# 4g only toggle?



## rester555 (Jul 20, 2011)

I looked around the forums and I can't seem to find an application to enable "4G ONLY" on the verizon galaxy nexus. Anyone know of a method to do this? Loved this function on my Thunderbolt.


----------



## nhat (Aug 21, 2011)

You must live in an area with the best LTE coverage in the US


----------



## rester555 (Jul 20, 2011)

nhat said:


> You must live in an area with the best LTE coverage in the US


Nah, I live in Phoenix, but with my HTC Thunderbolt, there was a 4g Only toggle that worked amazingly... Looking for something like LTE ON/OFF... But from what I understand, HTC is the only company with 4g only toggle


----------



## nunyazz (Jun 6, 2011)

This was asked before and if I remember correctly, 4G is for data only. If you disable 3G you can't make calls, txts, etc.


----------



## rester555 (Jul 20, 2011)

Oh, how I wish Samsung's radio was as versatile as HTCs... Looking forward to future radio updates.


----------



## phillyfisher (Jun 8, 2011)

Ive been looking for the same thing, or at least somthing very similar.

In the settings you can change from CDMA/LTE to just CDMA... just wondering; if you cant do it the "long way" then why wouldn't a toggle work?


----------



## rester555 (Jul 20, 2011)

phillyfisher said:


> Ive been looking for the same thing, or at least somthing very similar.
> 
> In the settings you can change from CDMA/LTE to just CDMA... just wondering; if you cant do it the "long way" then why wouldn't a toggle work?


I come from a HTC Thunderbolt.. The phone was absolute crap when it came to software updates, but their radio is AMAZING! I was able to go 4g only, make calls, text, and everything. The unfortunate part about that phone, no ICS and no Jelly Bean in the near forseeable future do to hardware limitations in CPU and RAM. I am really hoping for the day when I don't have to deal with 3g at all and just 4g.


----------



## yarly (Jun 22, 2011)

4G only will prevent you from making calls + sms until you switch it back. Tried it before.


----------



## intenselyinsane (Nov 22, 2011)

Try bamf lte toggle.


----------



## rester555 (Jul 20, 2011)

yarly said:


> 4G only will prevent you from making calls + sms until you switch it back. Tried it before.

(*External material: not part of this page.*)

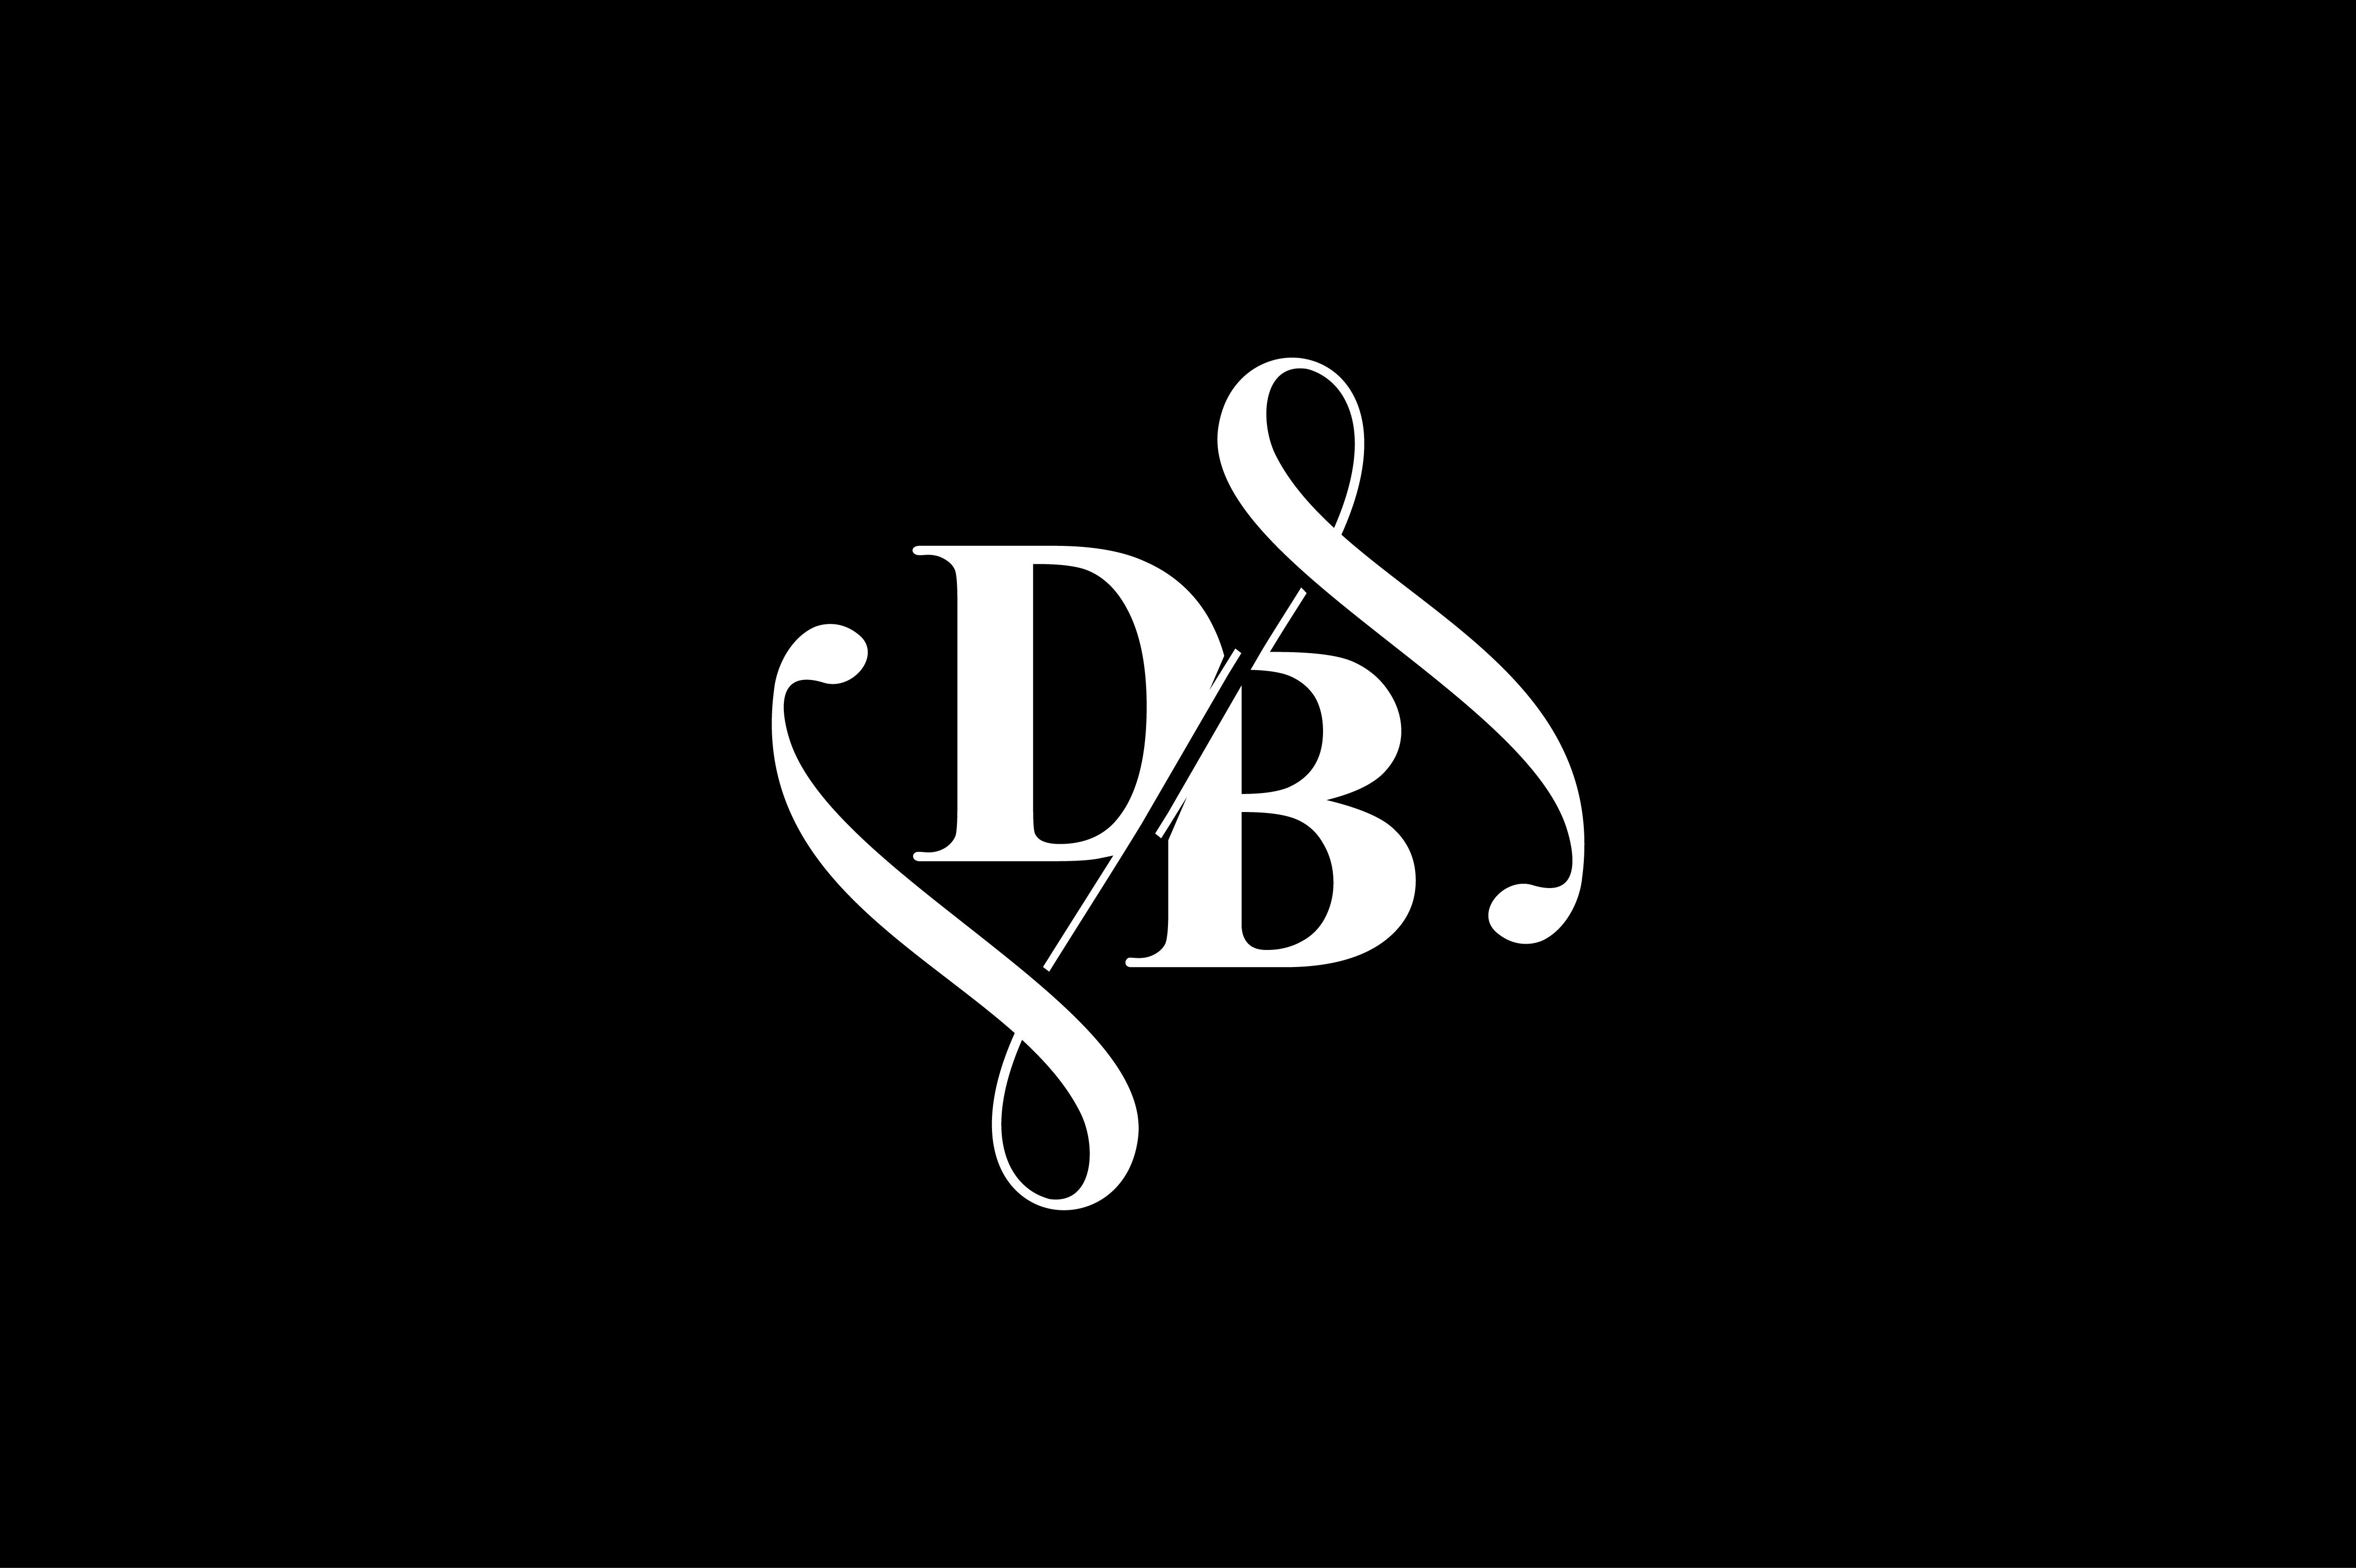 DB Monogram logo Design V6 By Vectorseller | TheHungryJPEG

Thanks man. How did you force it? What did you use?


----------



## yarly (Jun 22, 2011)

dial *#*#INFO#*#*


----------



## rester555 (Jul 20, 2011)

yarly said:


> dial *#*#INFO#*#*


There are only options for GSM and CDMA... There is no LTE only option in here...


----------



## yarly (Jun 22, 2011)

Never said what version of Android you were running. Some will list it as GSM. LTE is GSM version 4.


----------



## rester555 (Jul 20, 2011)

yarly said:


> Never said what version of Android you were running. Some will list it as GSM. LTE is GSM version 4.


Sorry about that. I am running Jelly Belly 3.6 with latest trinity kernel build 31. My guess is that it is GSM auto (PRL)... I will just test it out.


----------



## mikeymop (Jun 28, 2011)

This makes me curious if we can enable VoLTE early


----------



## rester555 (Jul 20, 2011)

mikeymop said:


> This makes me curious if we can enable VoLTE early


Not following what you mean by enable VoLTE early?


----------



## I Am Marino (Jul 14, 2011)

Is OP on a stock ROM I'm guessing? Otherwise AOKP, etc.

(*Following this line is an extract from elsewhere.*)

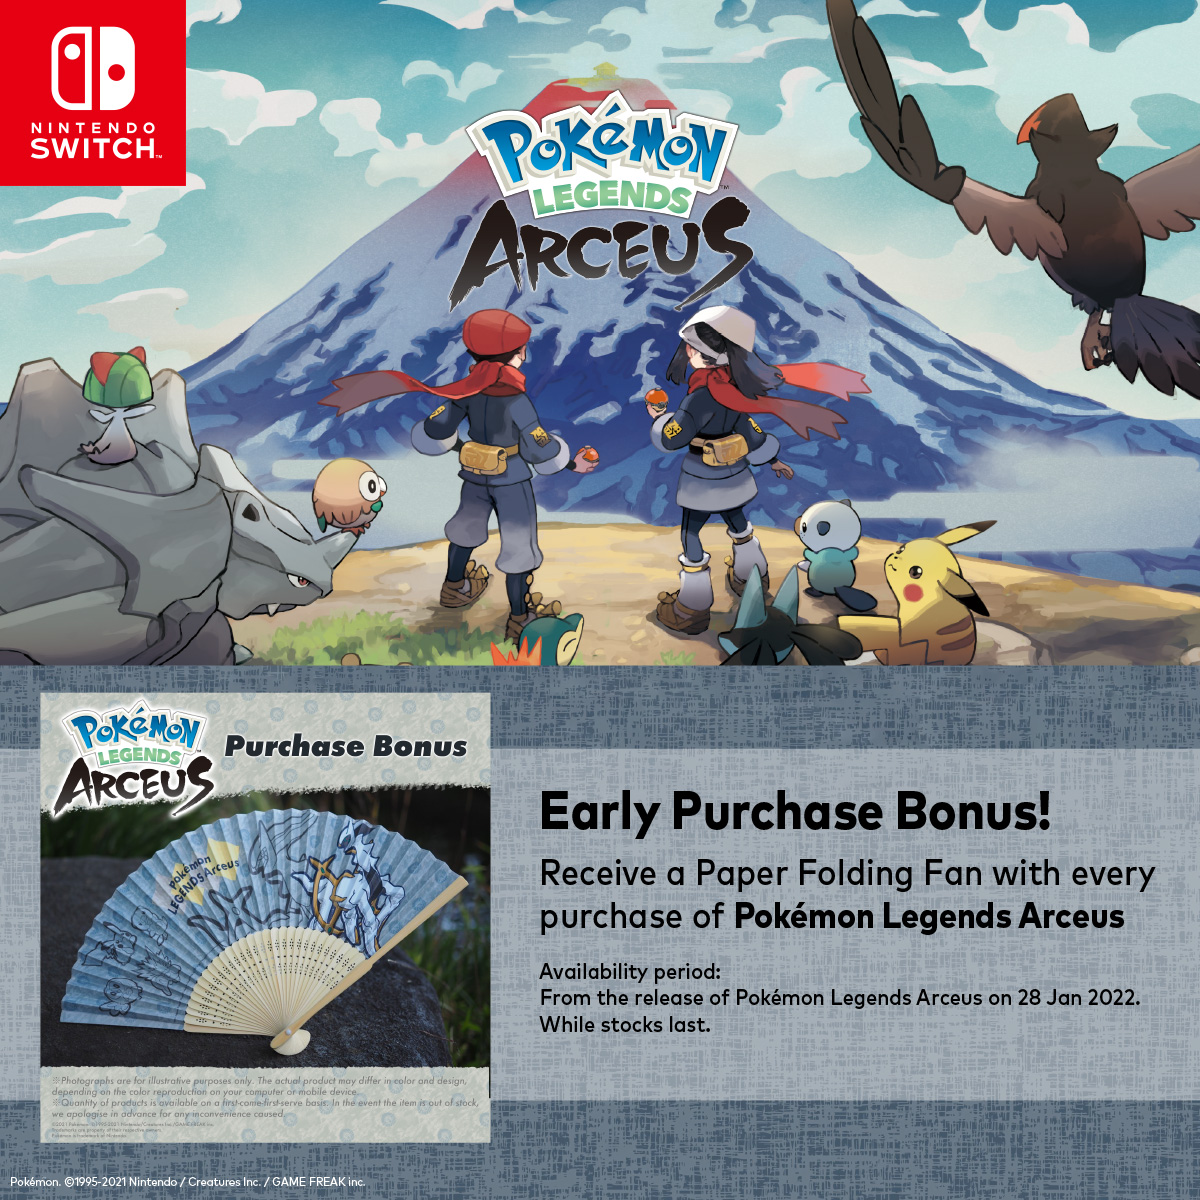 Pokémon Legends: Arceus, Critical Consensus

Sent from my Galaxy Nexus using Tapatalk 2


----------



## rester555 (Jul 20, 2011)

I Am Marino said:


> Is OP on a stock ROM I'm guessing? Otherwise AOKP, etc.
> 
> Sent from my Galaxy Nexus using Tapatalk 2


Not on stock rom... On Jelly Belly 3.6 with Trinity kernel build 31. I typed in *#*#3646#*#* to get to the menu... The option GSM only seems to keep me locked on 4G, but it's not very stable like LTE only on the HTC Thunderbolt


----------



## mikeymop (Jun 28, 2011)

rester555 said:


> Not following what you mean by enable VoLTE early?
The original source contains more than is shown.